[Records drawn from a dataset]
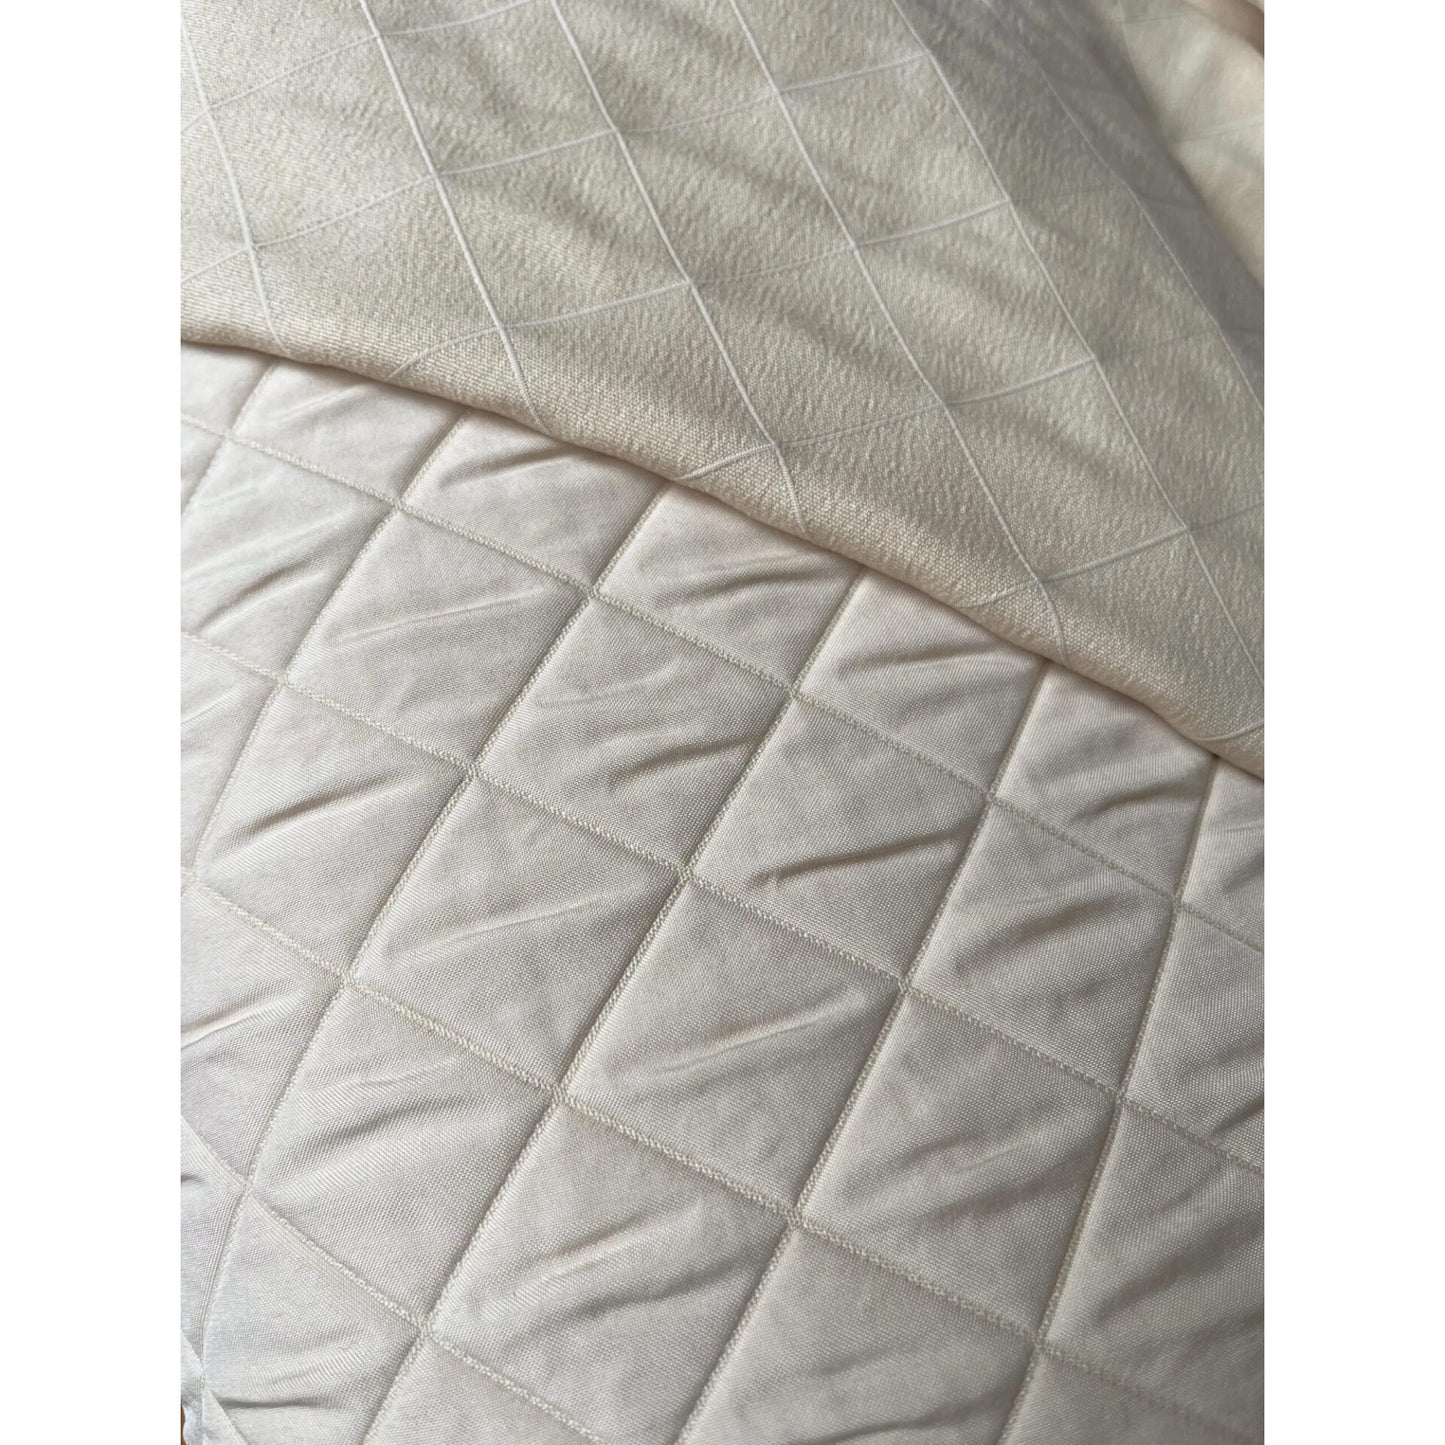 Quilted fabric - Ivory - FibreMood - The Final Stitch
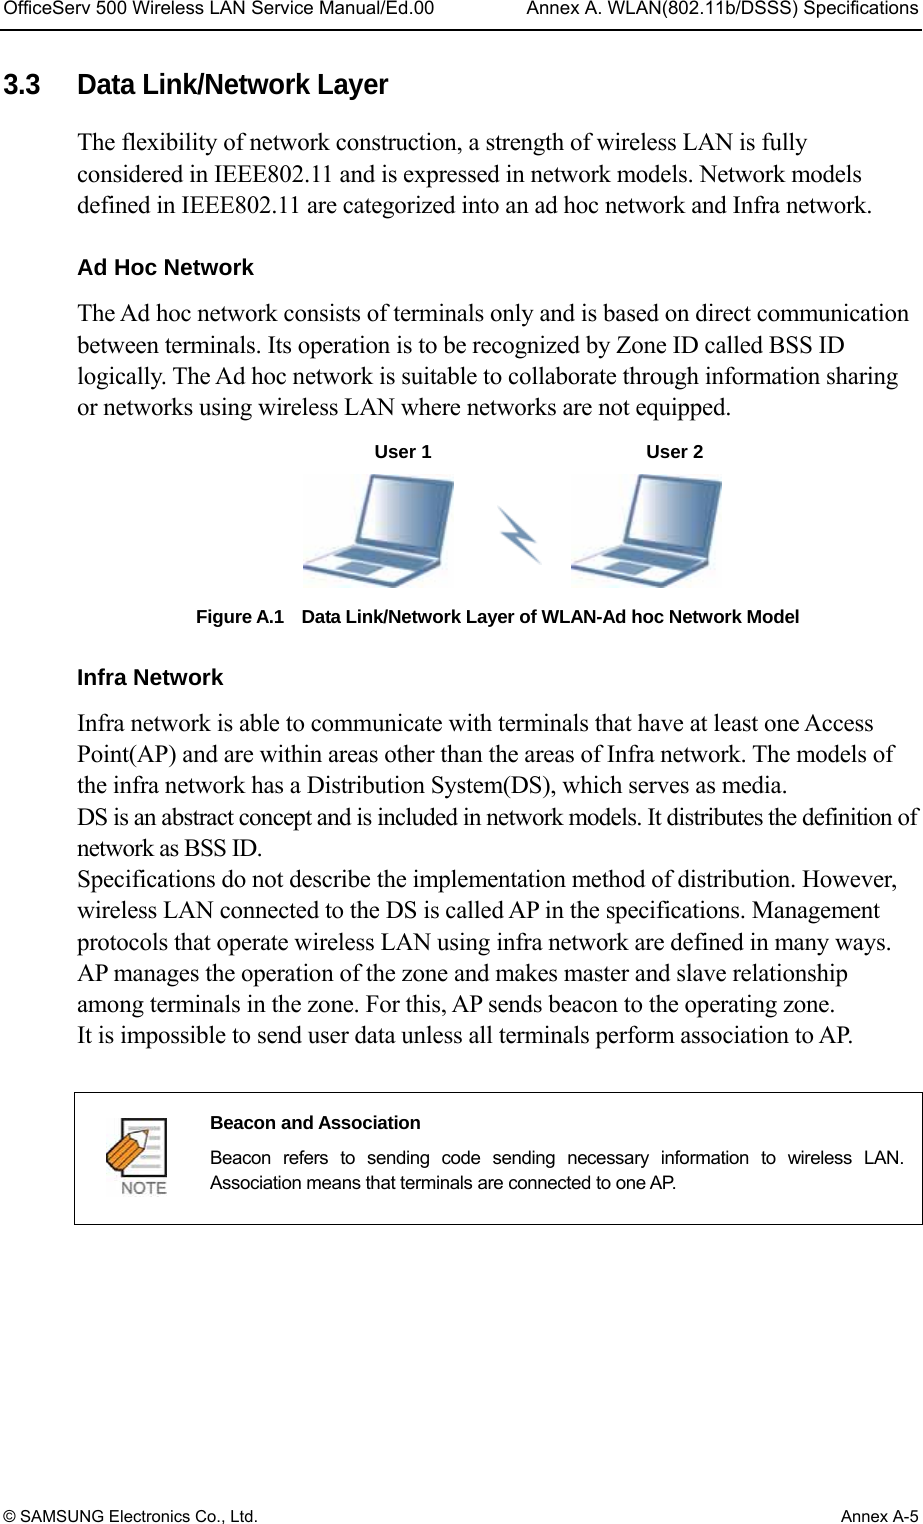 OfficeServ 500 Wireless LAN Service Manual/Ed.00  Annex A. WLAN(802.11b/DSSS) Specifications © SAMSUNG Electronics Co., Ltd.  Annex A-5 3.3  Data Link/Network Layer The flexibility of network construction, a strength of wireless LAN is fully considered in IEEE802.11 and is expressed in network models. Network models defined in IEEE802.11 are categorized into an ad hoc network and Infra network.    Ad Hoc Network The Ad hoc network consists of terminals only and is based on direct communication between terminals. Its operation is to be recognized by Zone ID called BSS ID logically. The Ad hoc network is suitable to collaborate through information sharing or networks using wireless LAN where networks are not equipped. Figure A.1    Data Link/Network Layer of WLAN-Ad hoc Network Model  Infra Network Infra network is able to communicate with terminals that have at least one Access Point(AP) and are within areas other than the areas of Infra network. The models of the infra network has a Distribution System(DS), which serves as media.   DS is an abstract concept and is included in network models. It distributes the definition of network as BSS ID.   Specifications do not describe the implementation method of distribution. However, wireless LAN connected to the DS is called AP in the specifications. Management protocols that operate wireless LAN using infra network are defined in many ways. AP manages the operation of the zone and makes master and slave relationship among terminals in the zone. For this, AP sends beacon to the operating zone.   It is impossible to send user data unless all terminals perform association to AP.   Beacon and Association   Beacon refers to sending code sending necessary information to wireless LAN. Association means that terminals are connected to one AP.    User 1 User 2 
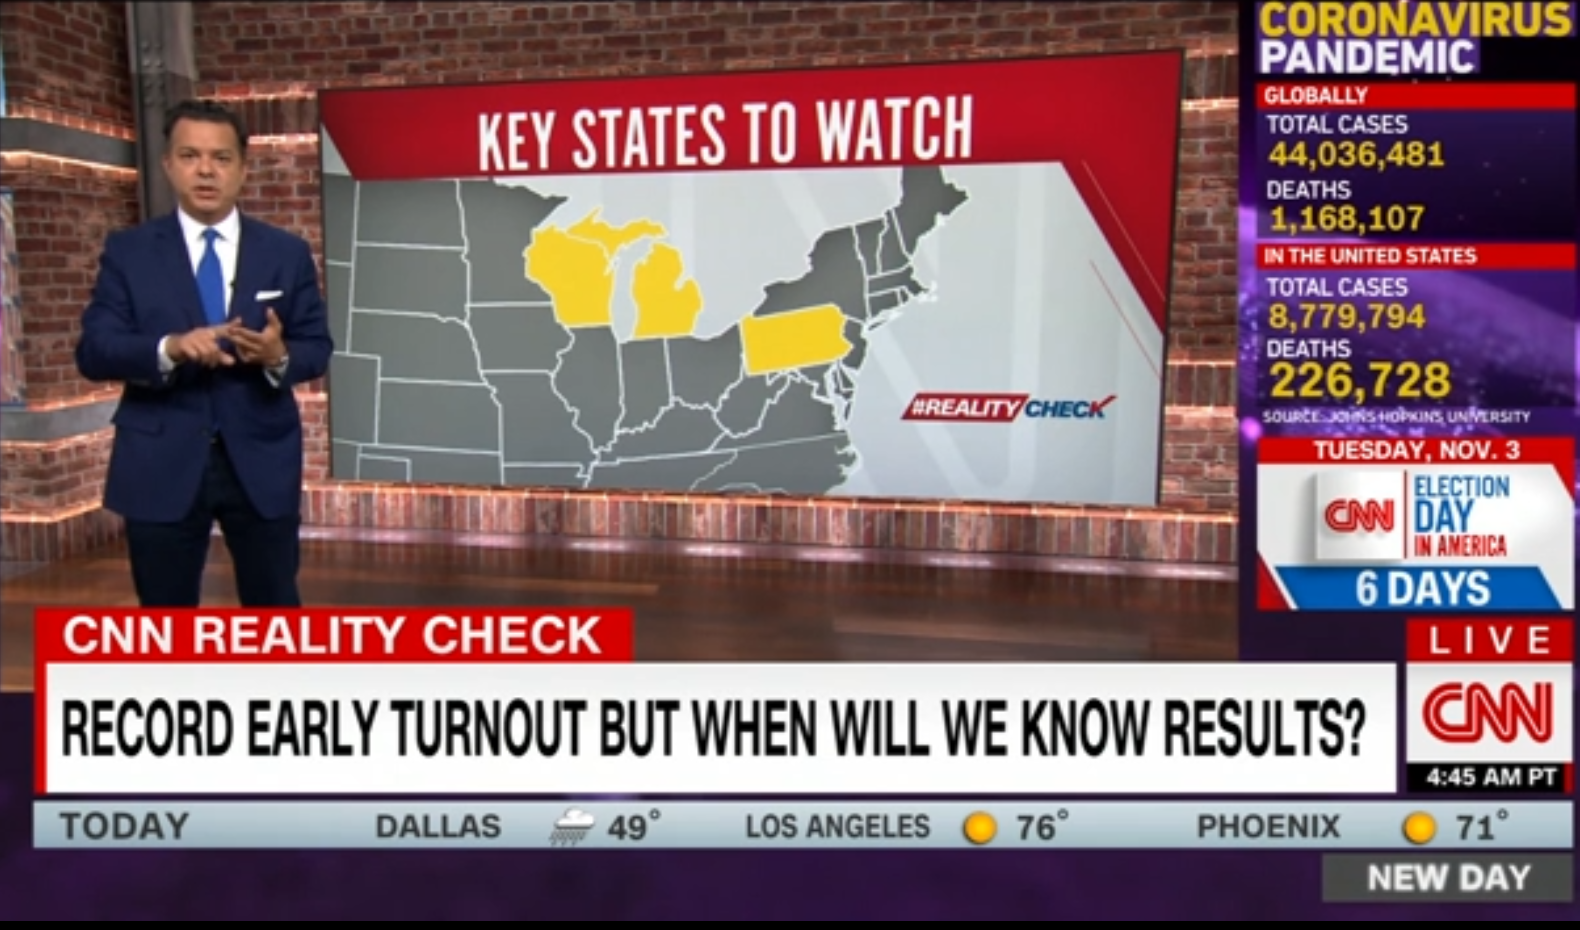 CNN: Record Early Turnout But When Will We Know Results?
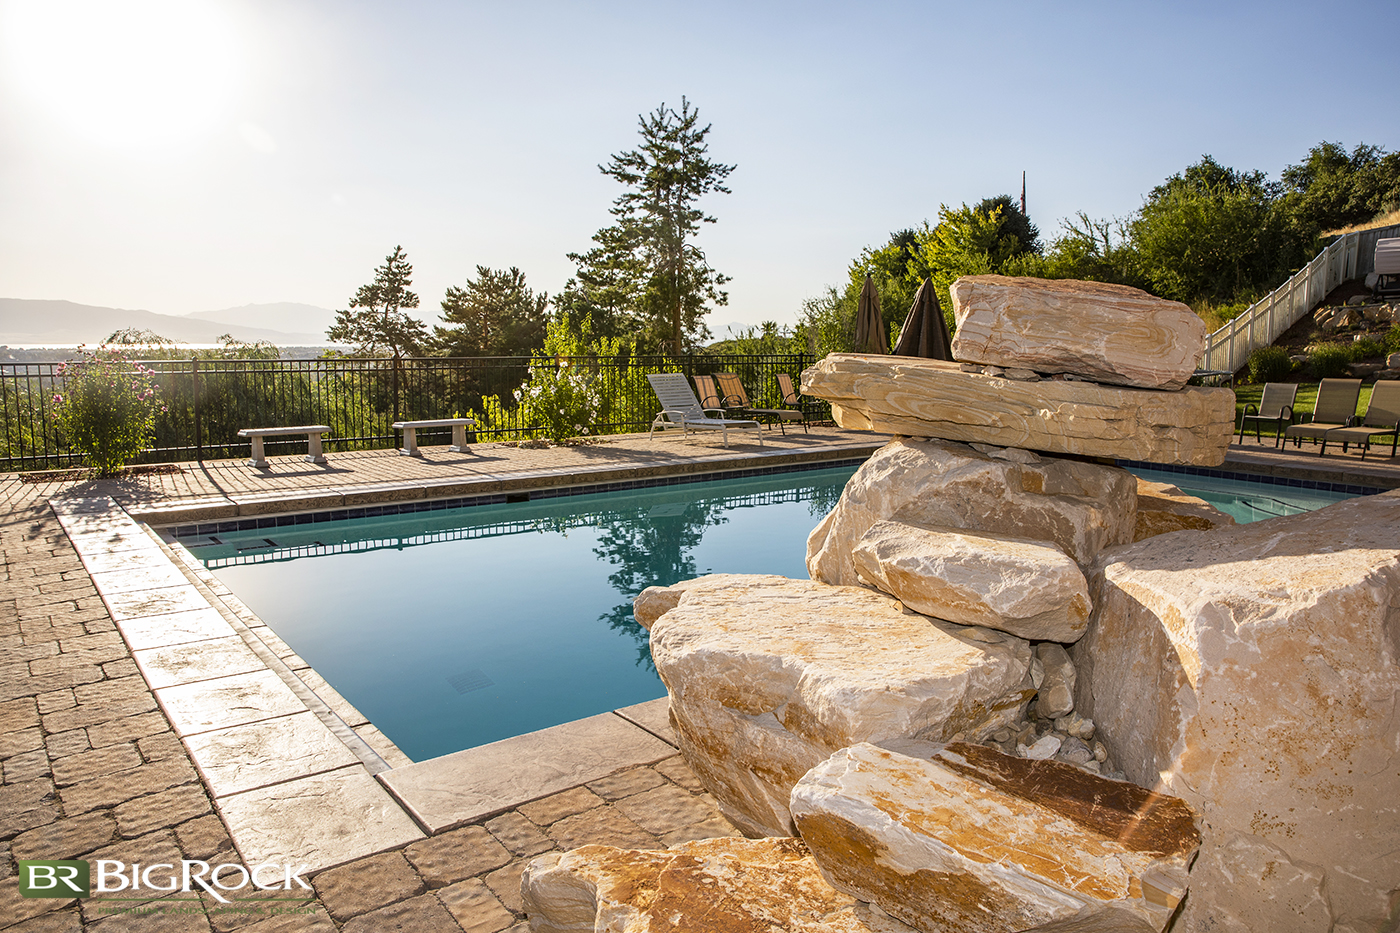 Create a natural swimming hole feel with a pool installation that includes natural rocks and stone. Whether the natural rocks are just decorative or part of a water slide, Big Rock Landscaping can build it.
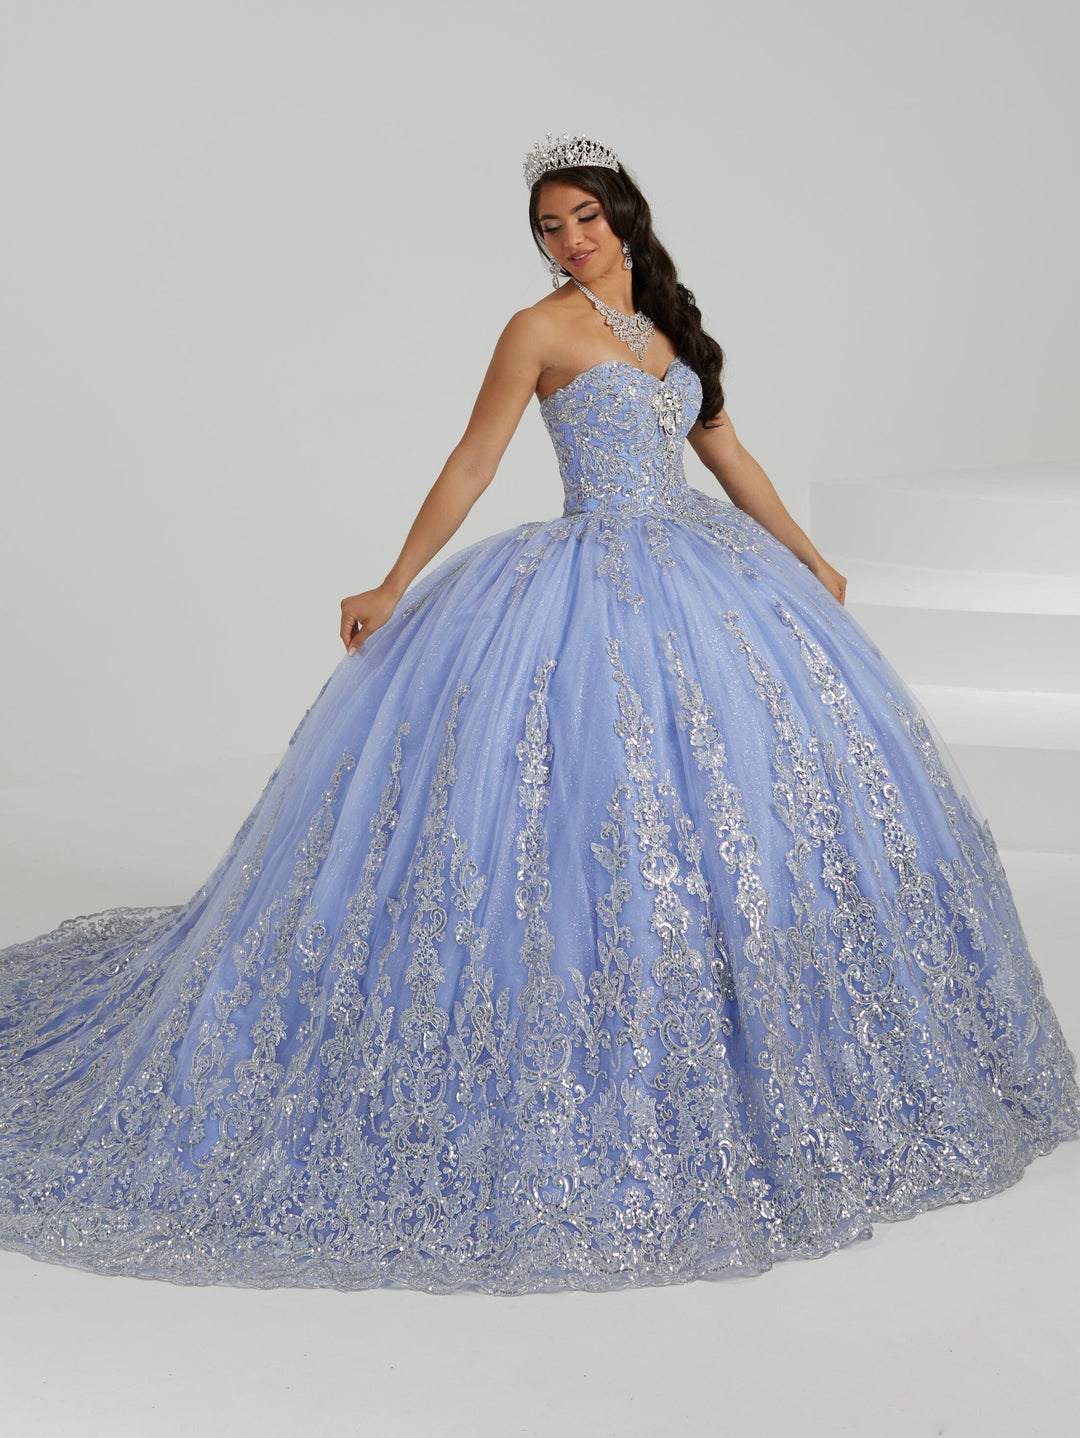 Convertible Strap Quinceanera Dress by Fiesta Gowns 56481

What you are asked to do: The records above should be returned exactly, with only their pictures held back.

Task output:
 Quilted fabric - Ivory - FibreMood - The Final Stitch
 OfficeServ 500 Wireless LAN Service Manual/Ed.00  Annex A. WLAN(802.11b/DSSS) Specifications © SAMSUNG Electronics Co., Ltd.  Annex A-5 3.3  Data Link/Network Layer The flexibility of network construction, a strength of wireless LAN is fully considered in IEEE802.11 and is expressed in network models. Network models defined in IEEE802.11 are categorized into an ad hoc network and Infra network.    Ad Hoc Network The Ad hoc network consists of terminals only and is based on direct communication between terminals. Its operation is to be recognized by Zone ID called BSS ID logically. The Ad hoc network is suitable to collaborate through information sharing or networks using wireless LAN where networks are not equipped. Figure A.1    Data Link/Network Layer of WLAN-Ad hoc Network Model  Infra Network Infra network is able to communicate with terminals that have at least one Access Point(AP) and are within areas other than the areas of Infra network. The models of the infra network has a Distribution System(DS), which serves as media.   DS is an abstract concept and is included in network models. It distributes the definition of network as BSS ID.   Specifications do not describe the implementation method of distribution. However, wireless LAN connected to the DS is called AP in the specifications. Management protocols that operate wireless LAN using infra network are defined in many ways. AP manages the operation of the zone and makes master and slave relationship among terminals in the zone. For this, AP sends beacon to the operating zone.   It is impossible to send user data unless all terminals perform association to AP.   Beacon and Association   Beacon refers to sending code sending necessary information to wireless LAN. Association means that terminals are connected to one AP.    User 1 User 2 
 CNN: Record Early Turnout But When Will We Know Results?
 Create a natural swimming hole feel with a pool installation that includes natural rocks and stone. Whether the natural rocks are just decorative or part of a water slide, Big Rock Landscaping can build it.
 Convertible Strap Quinceanera Dress by Fiesta Gowns 56481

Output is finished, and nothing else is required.